Since in both cases the /WR bit is set and first the SETBITS is used this will result in a faling flank on /WR when the second IO call is executed. The receiver can use this flank by connecting it to an interrupt pin and in the ISR copy the date from the address and data part (after a slight delay) and execute the command.

A read from address 0b00110011 would result in:

ioctl (some command to set databus to input);

ioctl(fd,_IO(ETRAXGPIO_IOCTYPE,IO_SETBITS), 0b10 00110011 11111111);

ioctl(fd,_IO(ETRAXGPIO_IOCTYPE,IO_CLRBITS), 0b10 11001100 00000000);

and after waiting a bit:

value=ioctl(fd, _IO(ETRAXGPIO_IOCTYPE, IO_READBITS));

Also here the falling flank on /RD can be used for triggering an ISR to place the data on the bus and remove it after some delay or when the /RD pin become 1 again. For this it might be smart to also set the /RD in the first call for writing a command. Also setting the direction of the databus only needs to be done when the previous command was different (read versus write).

All this brings two conclusions:

  • There is no need to map the address part in an consecutive set of pins
  • It requires two to four IO calls per command

The first conclusion is perhaps not clear, reason for this is that the command will be defined as a constant value in the application (most likely). It is not needed to take an address, split it in multiple parts and using shift functions to place the bits in the right location.

So, using OG3..OG5, IOG8..IOG15 as address lines, IOG16..IOG23 as data lines, IOG0 as /RD and OG1 as /WR would provide a 2048 possible commands using 8 bit data. That should be more than enough!

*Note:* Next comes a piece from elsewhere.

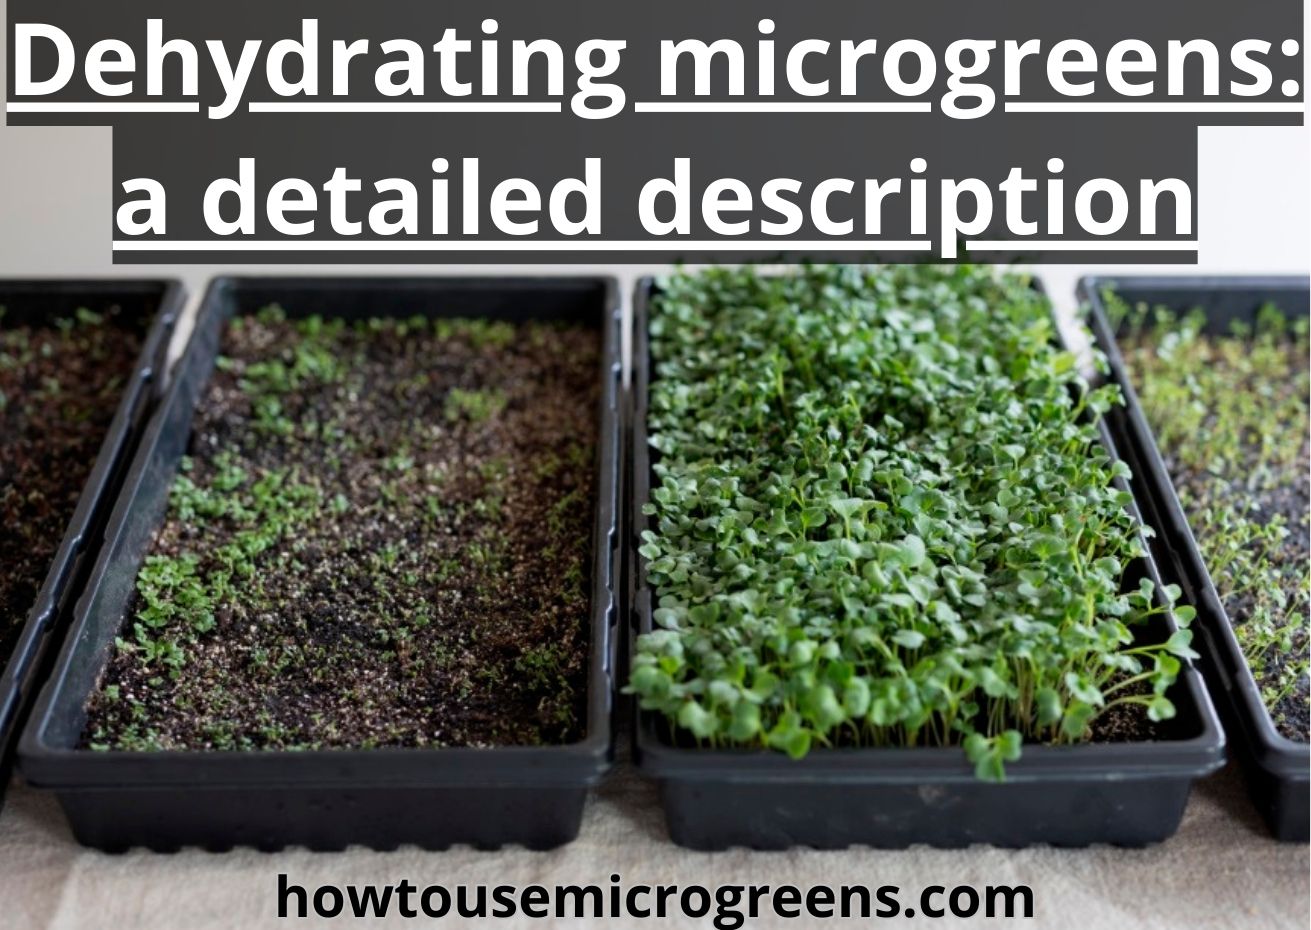 Dehydrating microgreens: main techniques and 8 basic tips

That leaves the interrupt signal, since there is no true interrupt support in the normal IO driver this might require a custom device driver. All input pins can be used as a interrupt pin, so IG3 will do the trick.

OG4 and OG5 can be used for driving 2 LED’s, these always prove to be handy during development and can indicate data transfer in the final application.

Finally, it would be nice to add an SD-card slot as well. This has nothing to do with the primary motor cortex but if the application becomes big or requires lots of storage for storing collected data it is good to put this on a replaceable SD-card instead of writing the internal FLASH of the FB all the time. There is a schematic of the ZigBee add-on board that also provides an SD-card. Damn! This uses port G as well: IG1, OG1, OG3 and OG4. Exactly the same pins as for my extended address lines, /WR and /INT.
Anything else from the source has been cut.